– En efecto -dijo Carlson.
– Y sin embargo, aquí están ustedes, amables y tranquilitos, y a la carga con las preguntas.
– Ha sido él quien ha hablado con nosotros.
– Sí, claro -Hester Crimstein abrió la cartera con un chasquido, sacó bolígrafo y papel y los arrojó sobre la mesa-. Escriban sus nombres.
– ¿Cómo?
– Sus nombres, amigos. Saben escribirlos, ¿verdad?

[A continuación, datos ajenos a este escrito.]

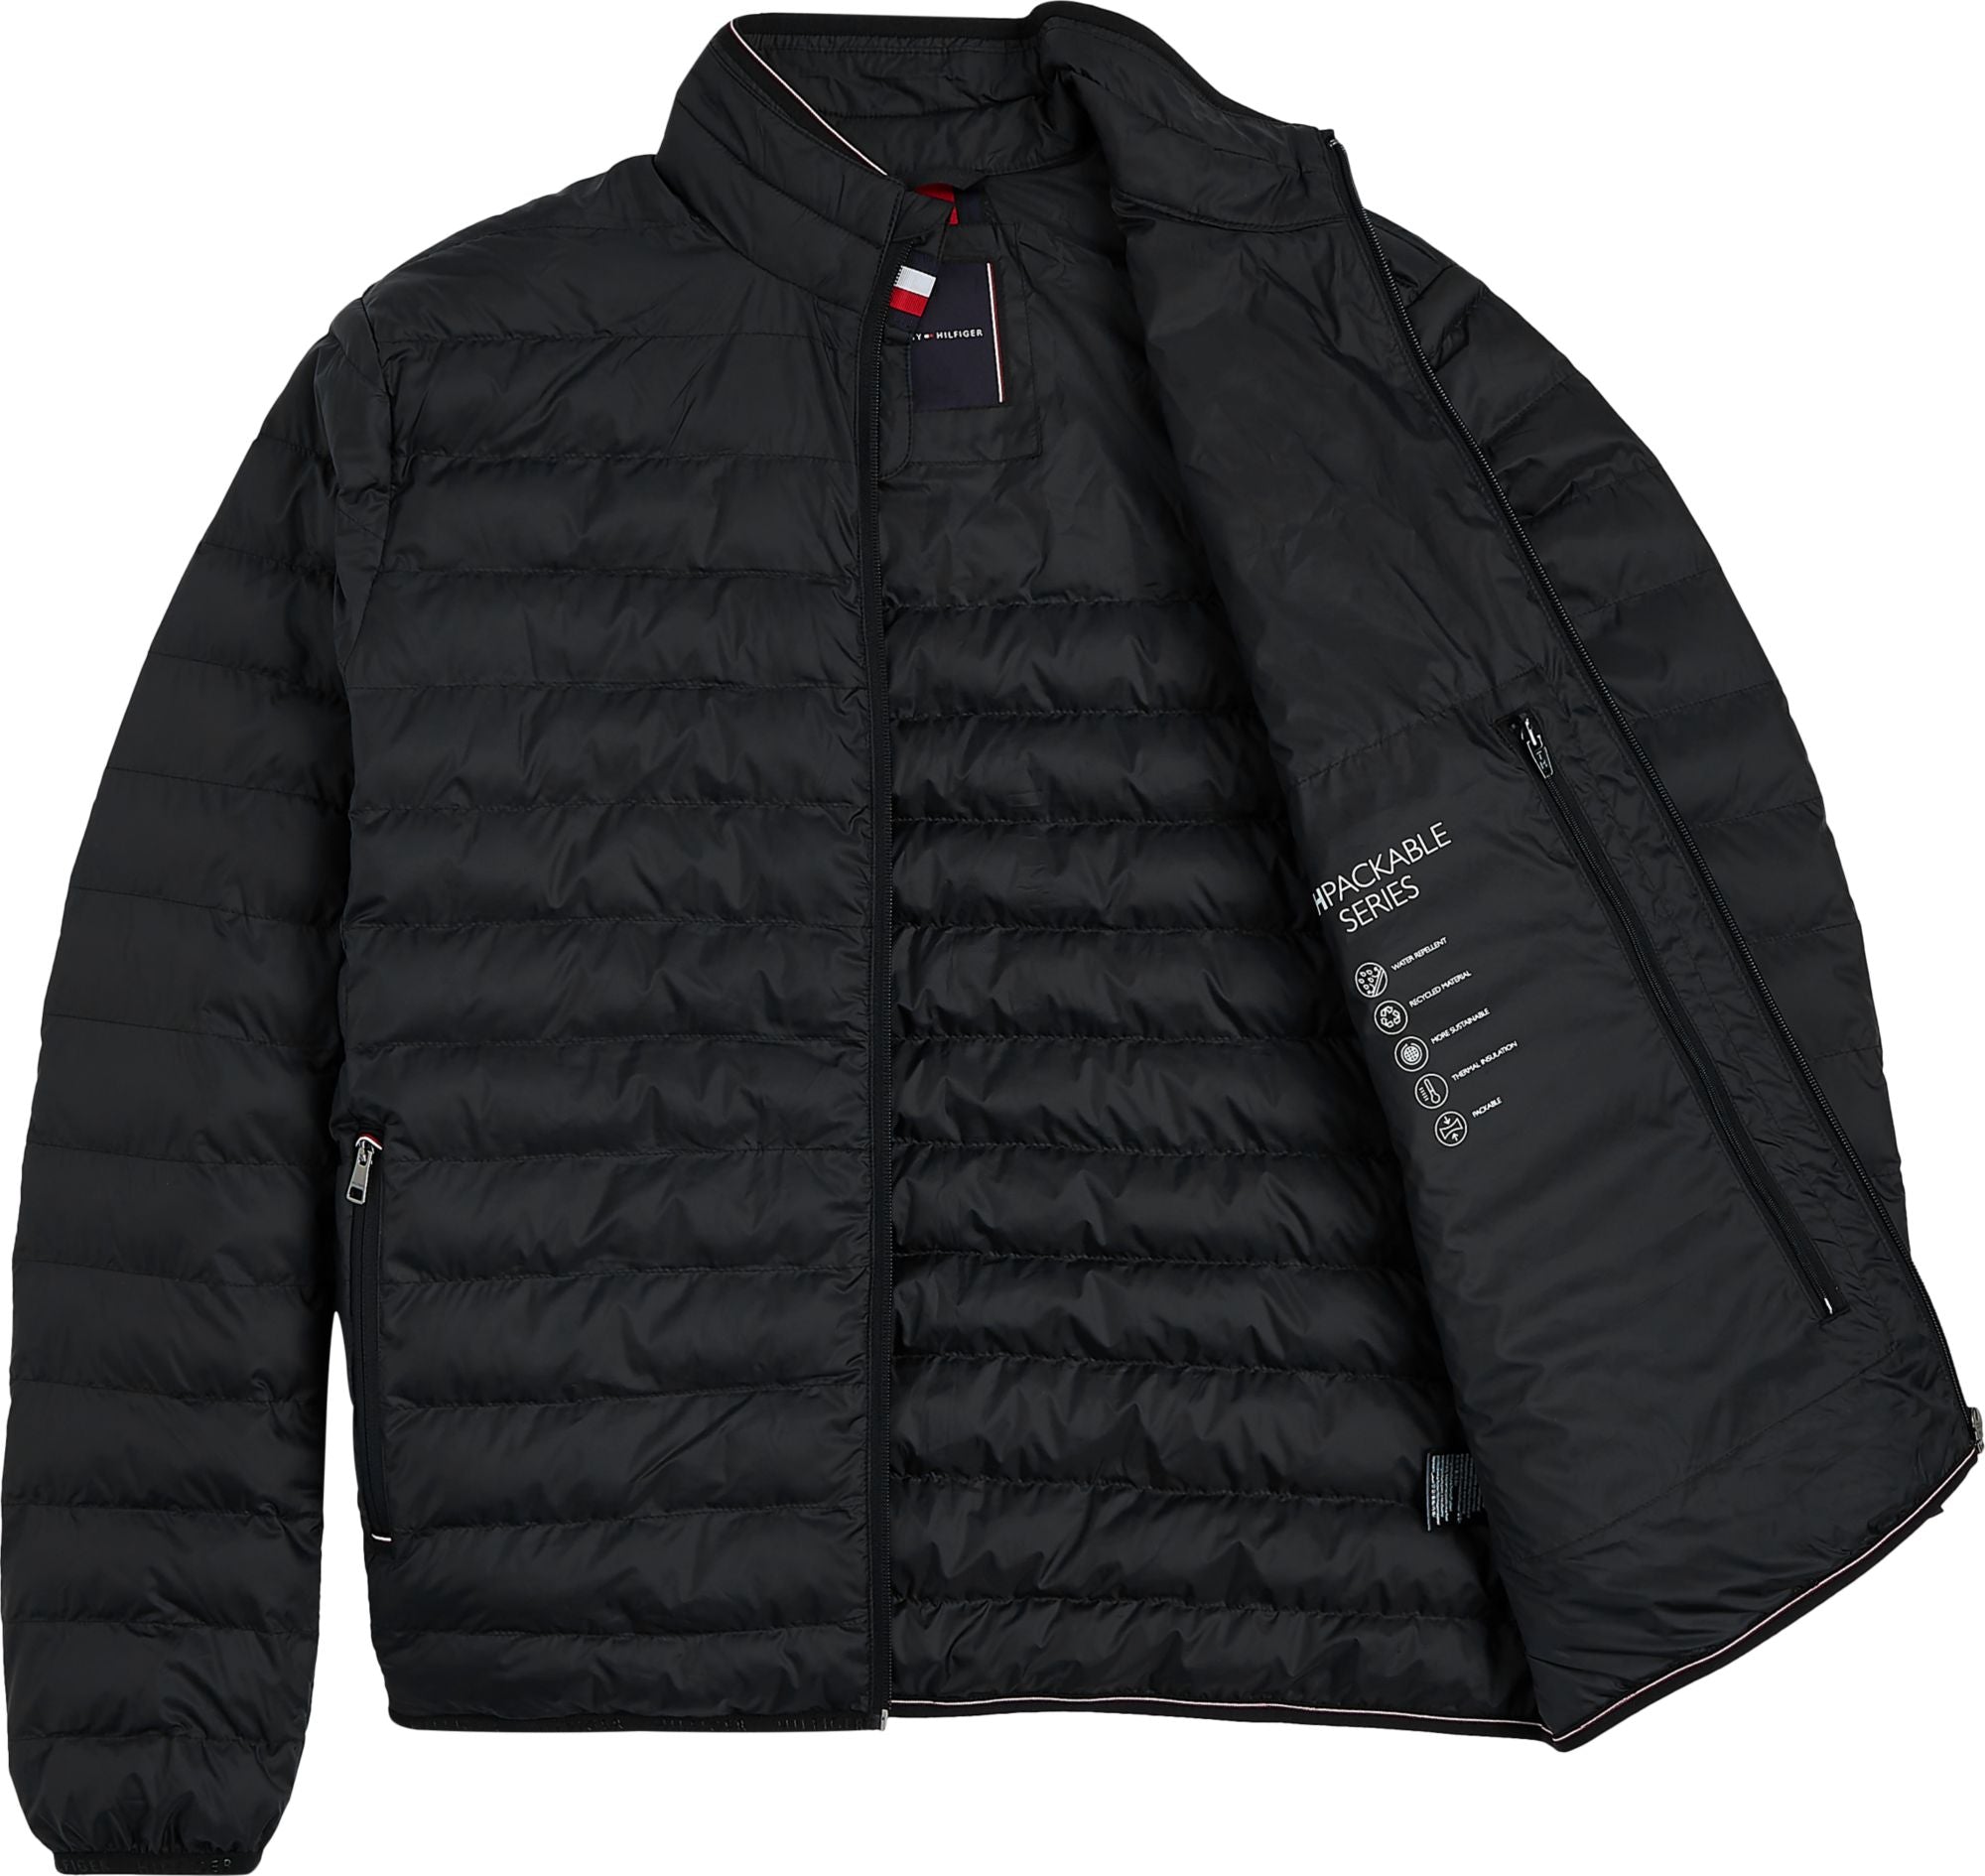 Warm Padded Jacket Black

Aunque era una pregunta retórica, Crimstein se quedó en actitud de esperar respuesta.
– Sí -dijo Carlson.
– ¡Faltaba más! -añadió Stone.
– Pues bien, escríbanlos. Cuando explique por televisión cómo han pisoteado los derechos constitucionales de mi cliente, quiero asegurarme de dar los nombres correctos. Con letras mayúsculas, por favor.
Finalmente, me miró a mí.
– ¡Vamos! -dijo.
– Un momento -intervino Carlson-. Nos gustaría hacer unas preguntas a su cliente.
– No.
– ¿No? ¿Así de claro?
– Exactamente, así de claro. No hablarán con él. Ni él hablará con ustedes. Nunca. ¿Lo han entendido los dos?
– Sí -dijo Carlson.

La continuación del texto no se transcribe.